名古屋大学大学院・春名幹男教授は、今年(2008年)2月、ミシガン大・フオード大統領図書館で「朝鮮有事」に関する日米密約文書を発見した。日米による侵略的戦争準備体制を支える秘密の取り決めである。これは、これまでの密約のように、米国の情報公開法によって明らかになった、「討論記録」ではなく、1960年6月23日にマッカーサー大使と藤山外務大臣が署名した秘密外交文書(覚書=ミニット)である。これは、日米安保条約が発効した1960年6月23日開かれた日米安保協議委員会(SSC)準備会合で署名された。ここで彼等は、現行安保の、在日米軍が出撃する際に、意に反して戦争に巻き込まれないように必要と取り決めたと言う、日米両国政府の事前協議を、国民に説明した数日後にいとも簡単に反古にしたのだ!!
覚書で日本政府は、朝鮮有事の際、在日米軍の朝鮮での戦闘作戦や日本の基地からの自由出撃のため、日本国内の施設区域を事前協議の必要もなく、無制限に使用することを確約したのだ。米国の核兵器搭載艦船の日本への寄港と、核兵器搭載機の日本国内への飛来に対する密約とともに、日本国憲法をいとも簡単に蹂躙してきた日本の国家権力の犯罪行為は、朝鮮半島での米帝国主義者の侵略的戦争準備の加担で済まされない共同正犯を約束したのである。この密約の中に、日本の執権階級が事あるごとに言う「国家主権」のかけらさえ、何処にあると言うのだ。

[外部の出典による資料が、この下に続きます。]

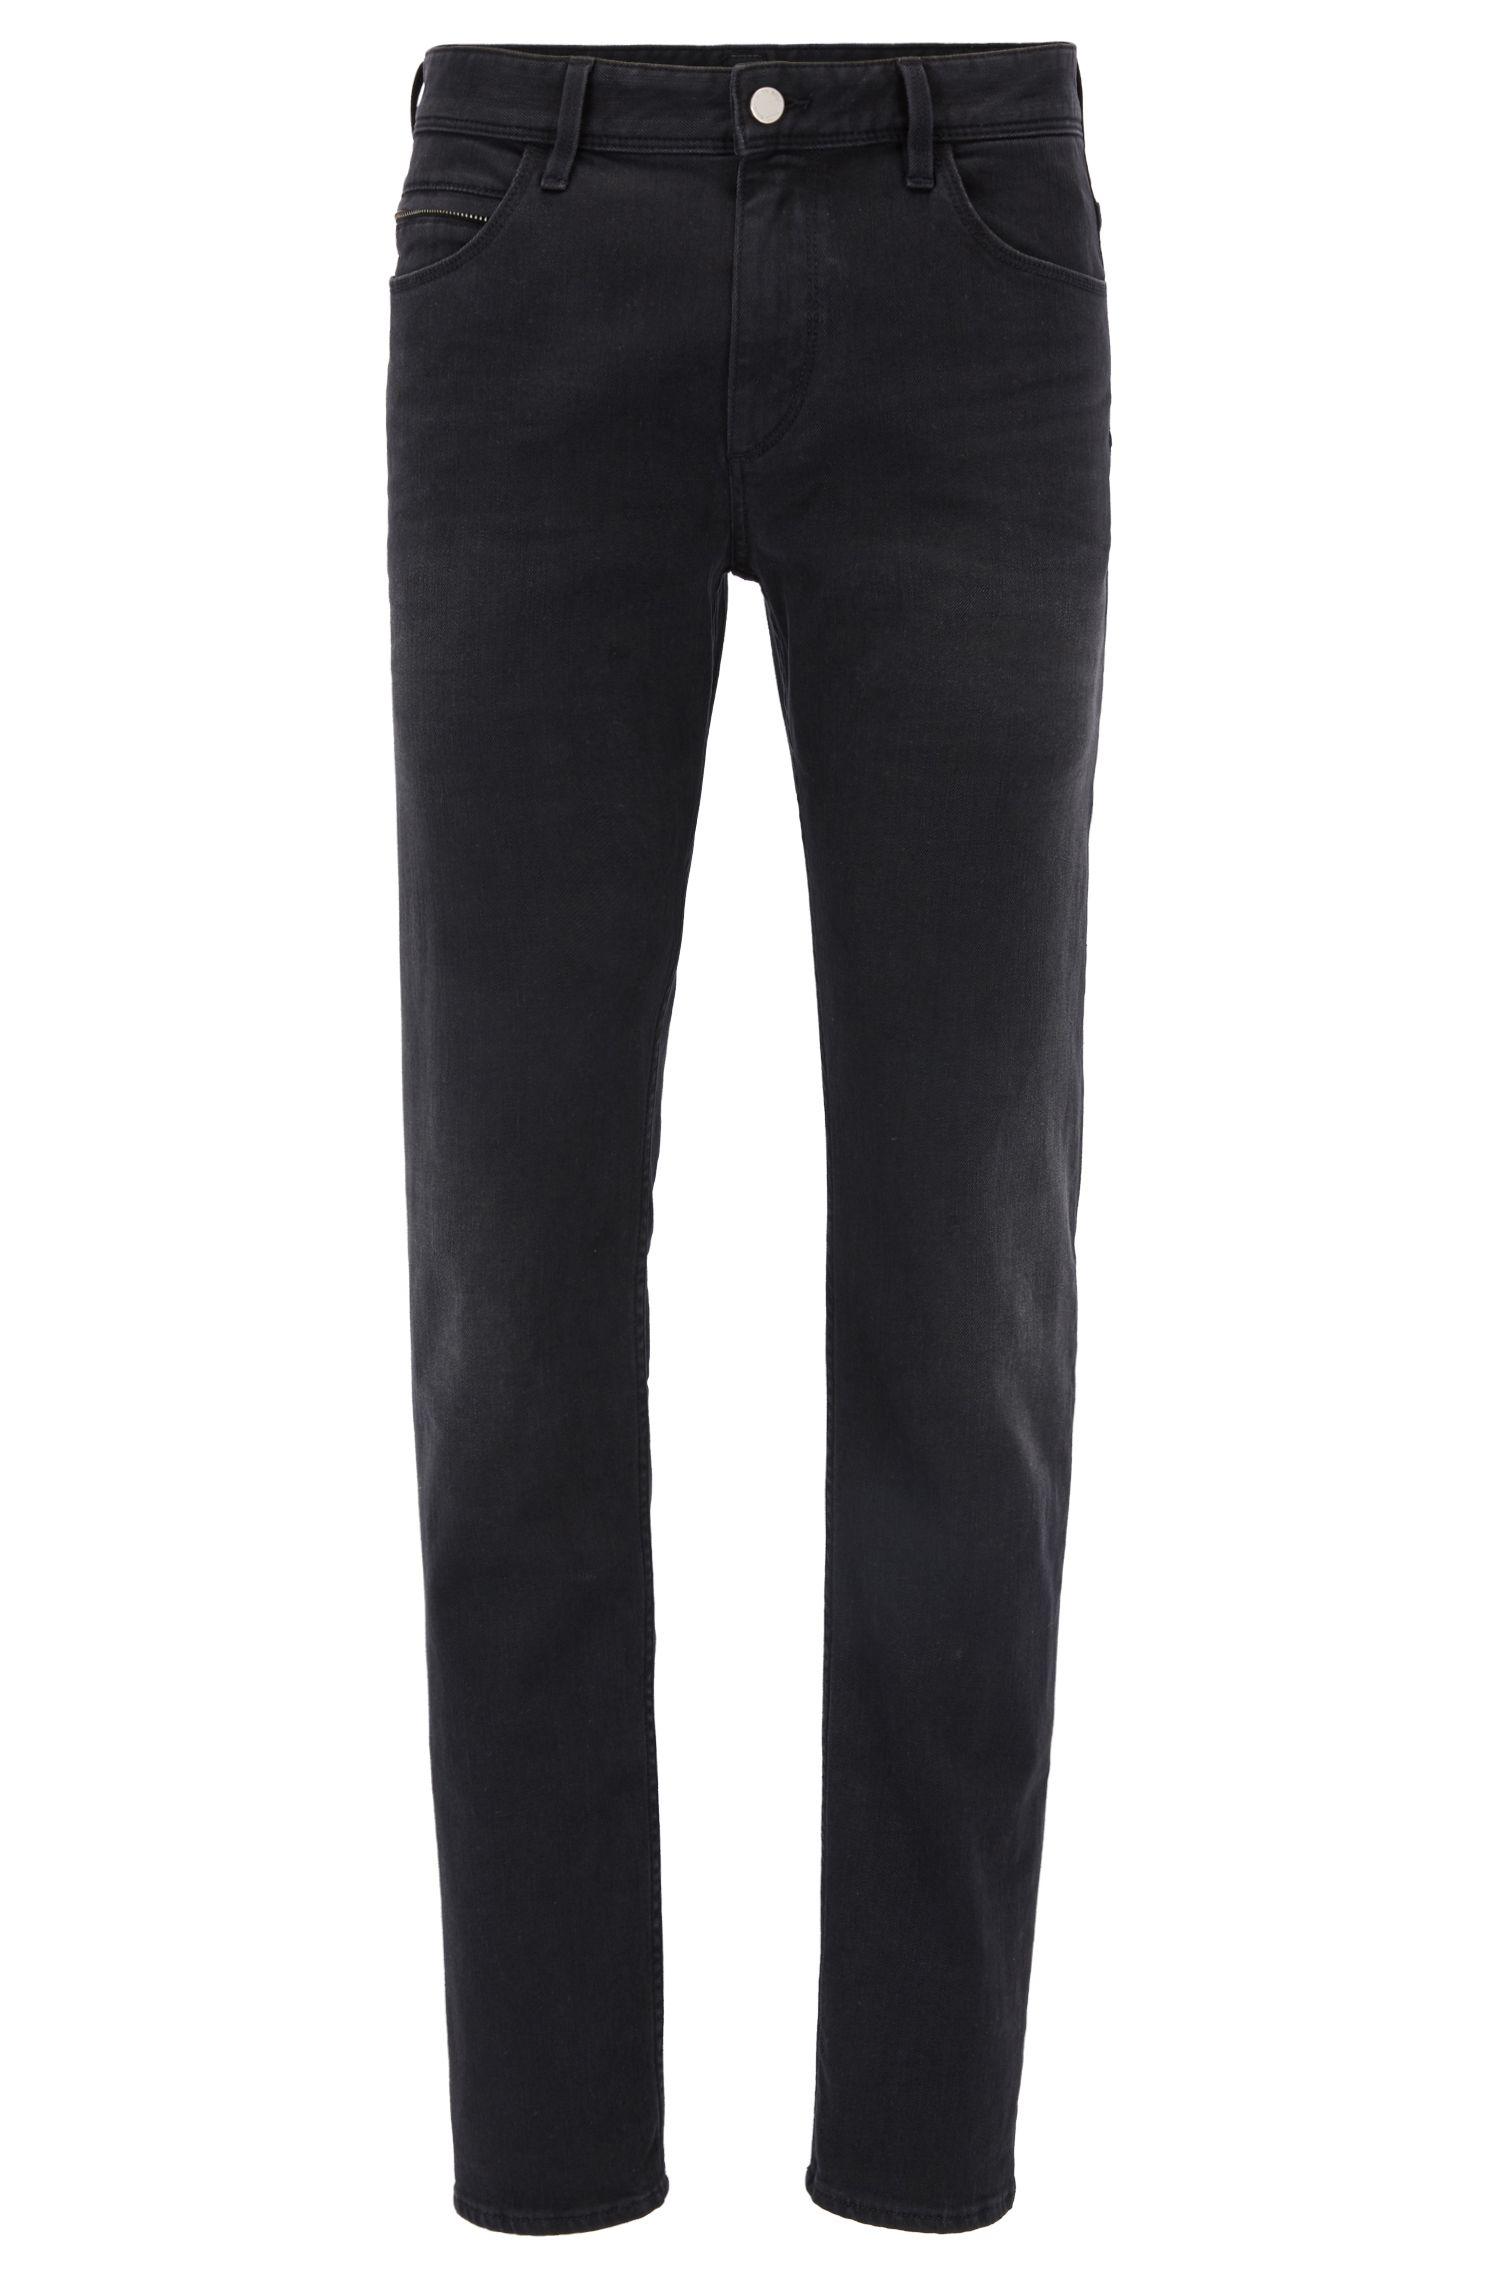 Mercedes-Benz Stretch Cotton Jean, Slim Fit | Delaware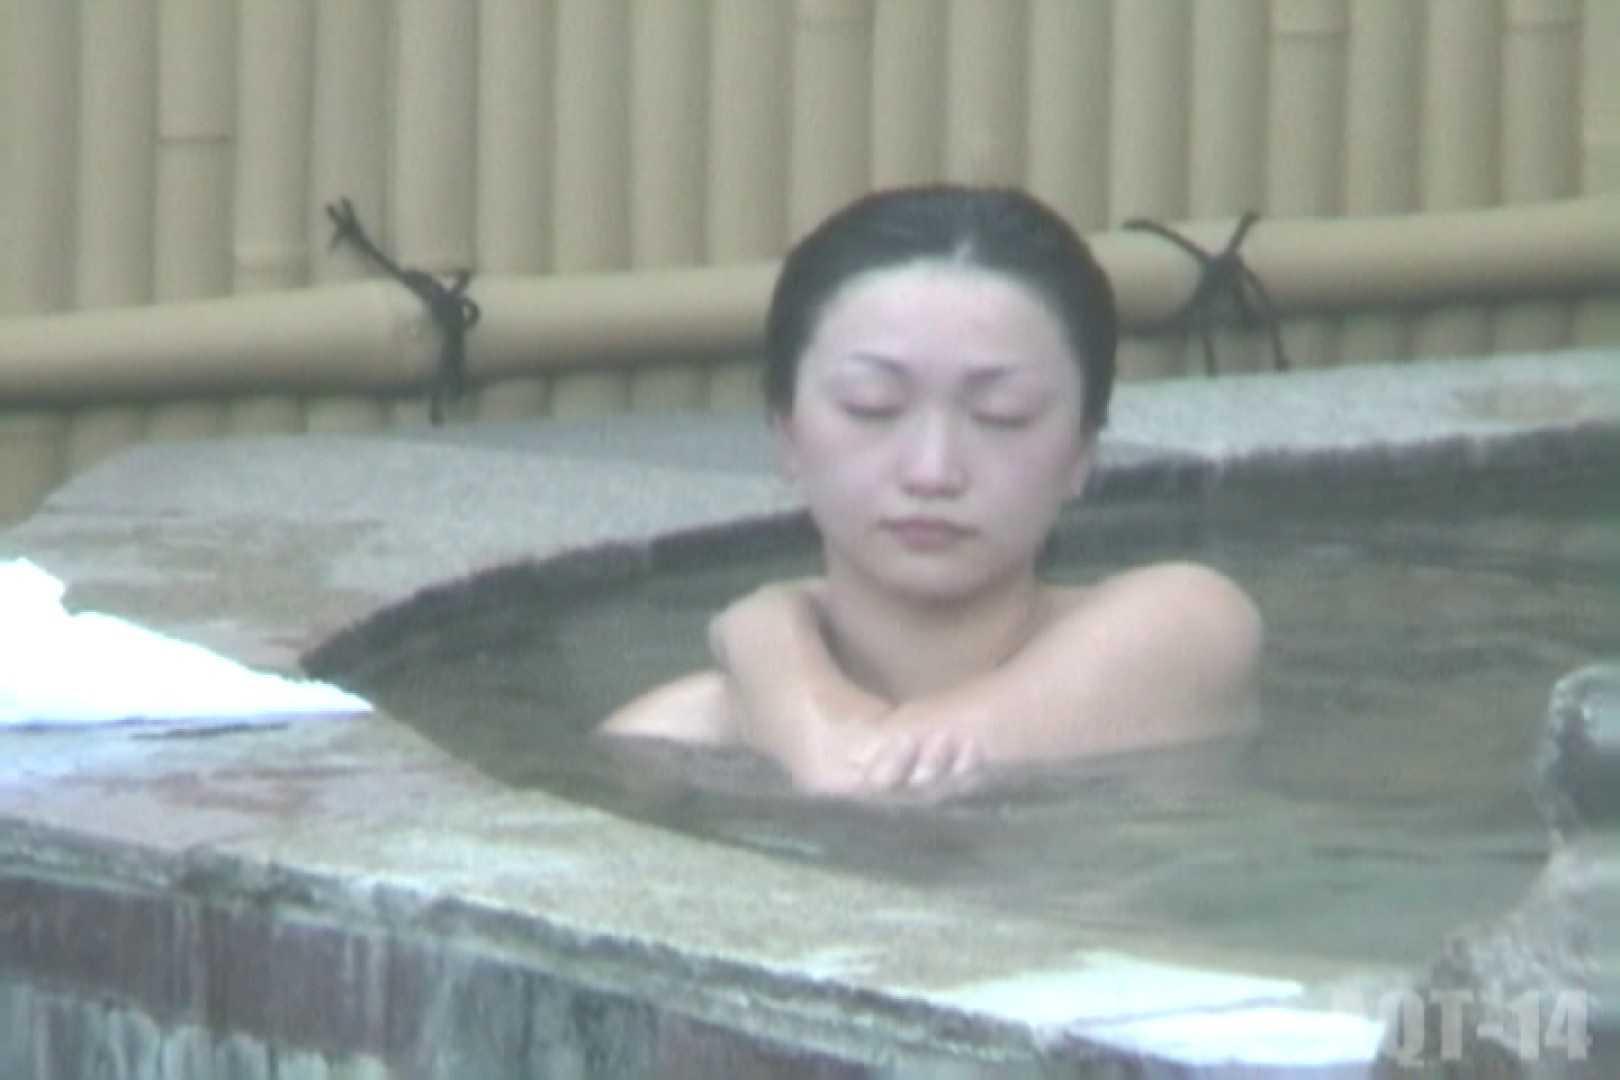 Aquaな露天風呂Vol.826 盗撮  84連発 42

アメリカ帝国主義者どもの朝鮮侵略基地に成り下がっている日本が、北のミサイルや防衛的核武装を批判する、如何なる正当な根拠があると言うのか?
六者会談で取り決められた朝鮮半島の非核化は、朝鮮半島に繋がる日本列島の非核化なくして成り立つものではない。朝鮮半島と東北アジアの核戦争の危機を取り除く道は、在日米軍基地と核搭載の艦船と航空機の寄港を認めず、日米軍事同盟の破棄と平和憲法の死守に向かう日本の民衆の戦いである。
○ 帝国主義が生み出した、究極の非人道的殺戮兵器こそ核爆弾である。
1945年、8月6日と9日に、日本の広島と長崎で、人類史上類を見ない人間に対する大量殺戮が米国によって行使された。落とされた二つの原子爆弾は、広島では「ウラニュウム型爆弾」によって、32万人の民間人と4万人の軍属が被害を受け、年末までに14万人が死亡した。(その中には1500名の朝鮮民族が含まれる)TNT火薬にして12±5キロトンの巨大火の玉は、強力な爆風と熱線によって人間を溶かし、市内の92lの建物を破壊した。
2日後、長崎では、「プルトニューム型爆弾」が投下された。米帝国主義者は、人間を標的に広島の2倍近い威力のある原爆を使用した。その威力はTNT火薬で22±2キロトンと推定されている。この原爆の爆風と熱線と放射能によって、27〜28万の人間が10秒間の太陽の熱に覆われた。7万人の人間がその年の内に殺された。
世界と日本の民衆にとって、戦争とは、「国家と国益」の名で隠された資本家階級の私的利益をめぐる暴力的衝突である。その結果として民衆の生命と人権が蹂躙されるのだ。資本主義国家とは、本質的に戦争国家である。軍事産業を含む世界市場は、不断に軍事的プレゼンスで、互いの暴力的解決に備えてきた。民衆をたぶらかして人間の生命と権利を、私的利益に過ぎない国家の国益の下に犠牲にする。そして、資本主義者の戦争行為の非人道性を、極限に象徴するのが核戦争である。
広島、長崎を、(朝鮮半島や世界で)平気で繰り返すことを厭わない米帝国主義と自国資本主義体制に対する戦いが、いたるところで準備されなければならない。